Five years later, Williams’ first major play, The Glass Menagerie (1944), opened in Chicago to positive reviews. The play features a mentally ill character called Rose, who was based on the tragic life of his own sister, who had been subjected to a lobotomy the year before and would subsequently never escape mental institutions for the rest of her life. This decision of Williams’ parents to lobotomise Rose prompted Williams to sever all ties with them.

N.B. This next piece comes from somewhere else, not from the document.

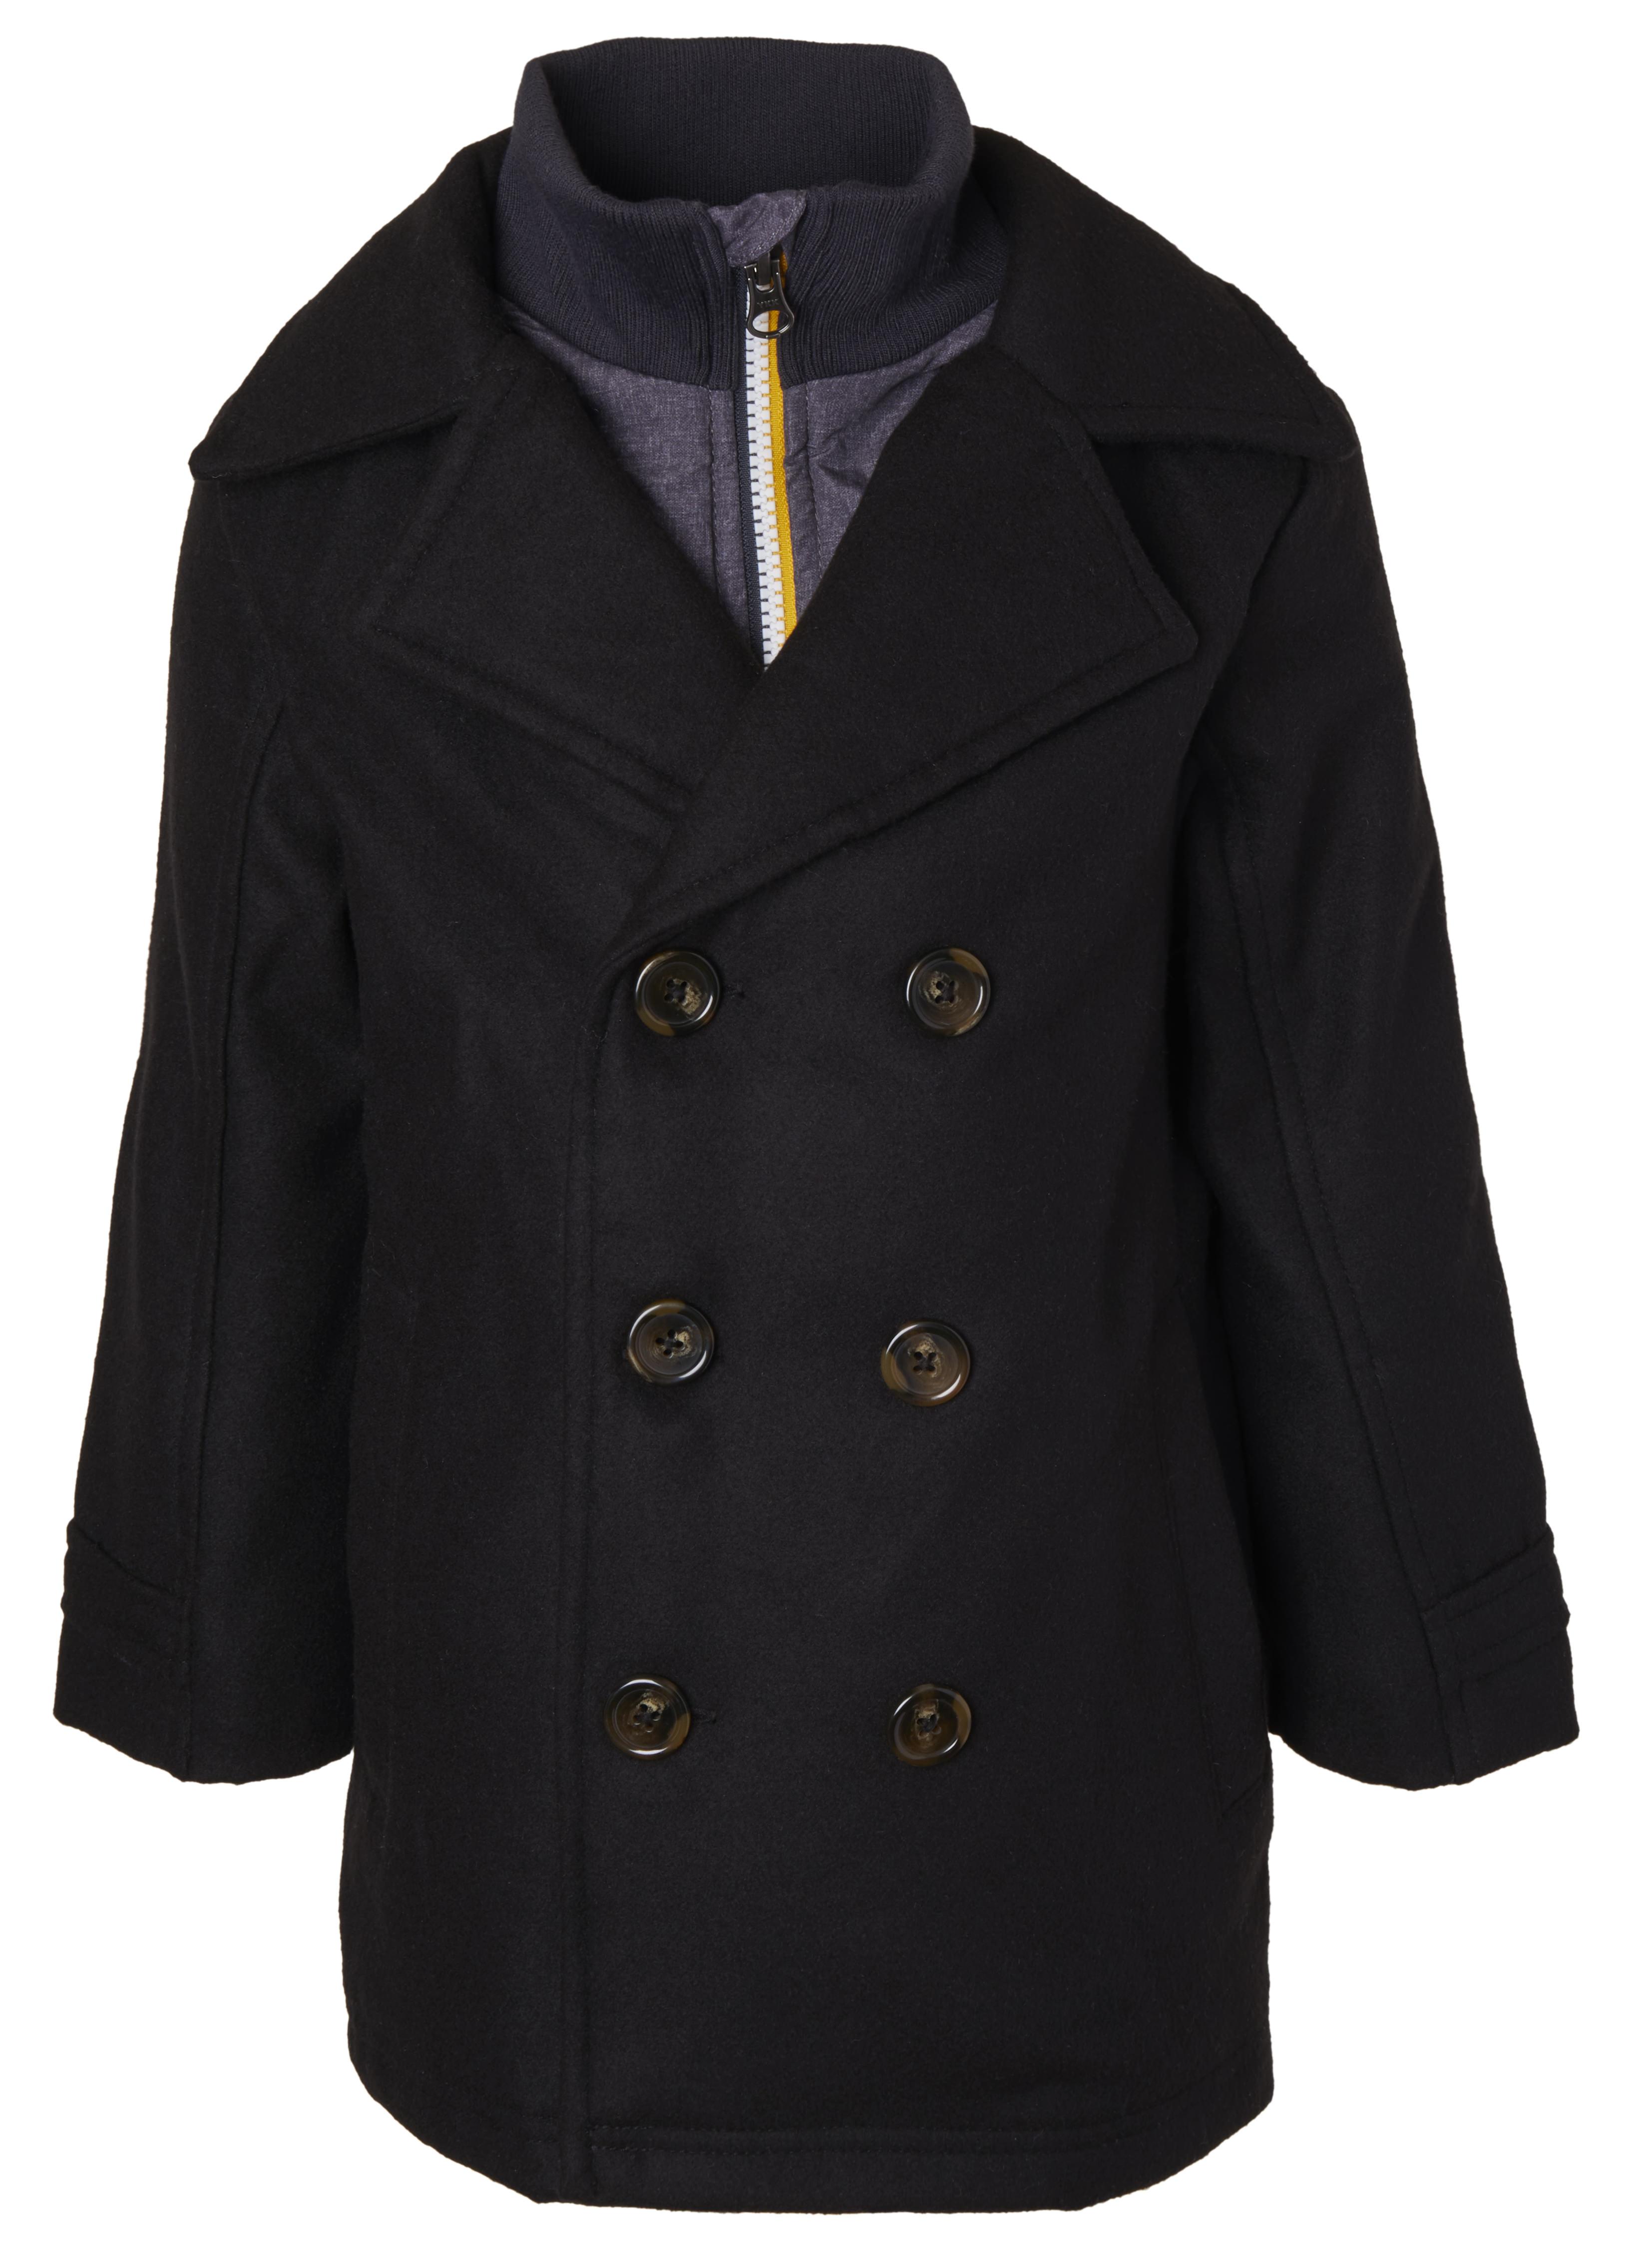 Sportoli Boys Classic Wool Look Lined Winter Vestee Dress Pea Coat Peacoat Jacket - Black Vestee (Size 4)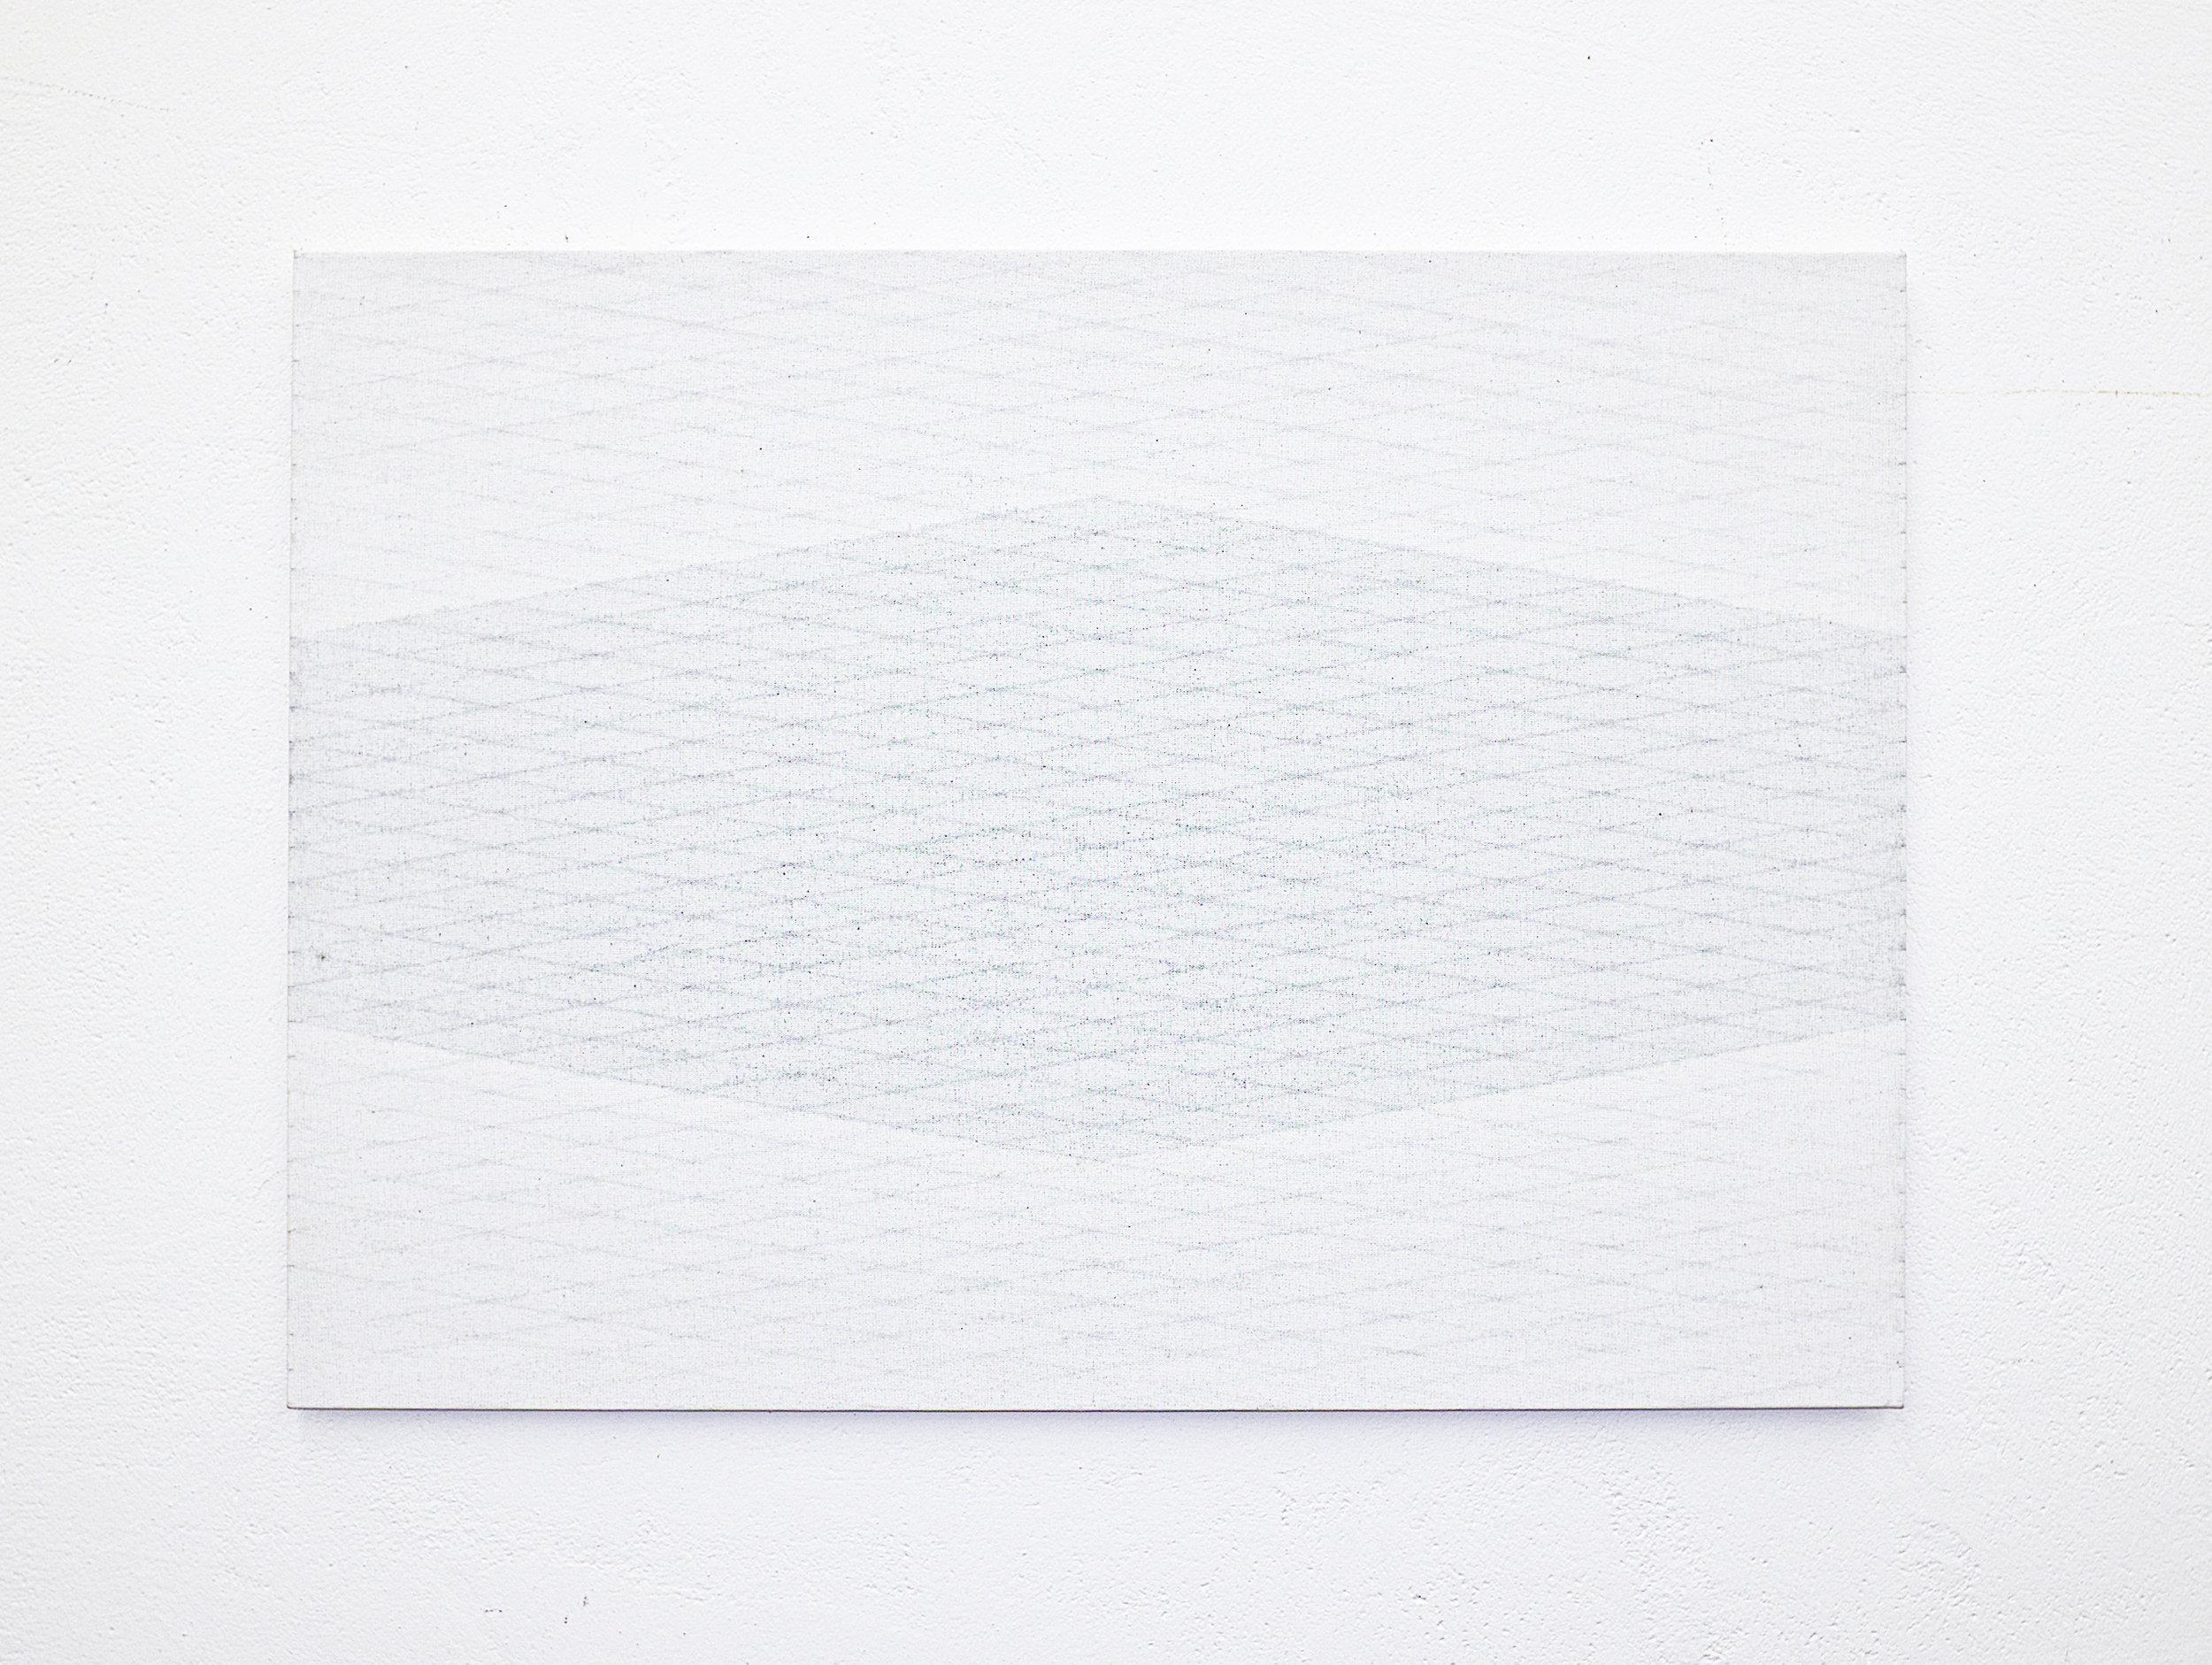 bild nr. 06/2015 - 50 x 70cm - acryl auf baumwolle/alu

Over the next 10 years, Williams wrote a string of successful plays, including A Streetcar Named Desire (1947) and Cat on a Hot Tin Roof (1955). Set in New Orleans, Streetcar is perhaps Williams’ most well-known play, due in no small part to the titanic struggle between the characters of Blanche DuBois and her terrifying misogynistic nemesis, Stanley Kowalski. These two plays were particularly significant because of their adaptation into films directed by the renowned Elia Kazan. This development meant that Williams’ work reached a wide audience for the first time and established him as one of the foremost literary figures in the American twentieth century. During this period he was also in a homosexual relationship with a man called Frank Merlo, who accompanied Williams on his many travels around the world. Splitting their time between Manhattan and Florida, Williams would later remark that these years with Merlo were the happiest of his life.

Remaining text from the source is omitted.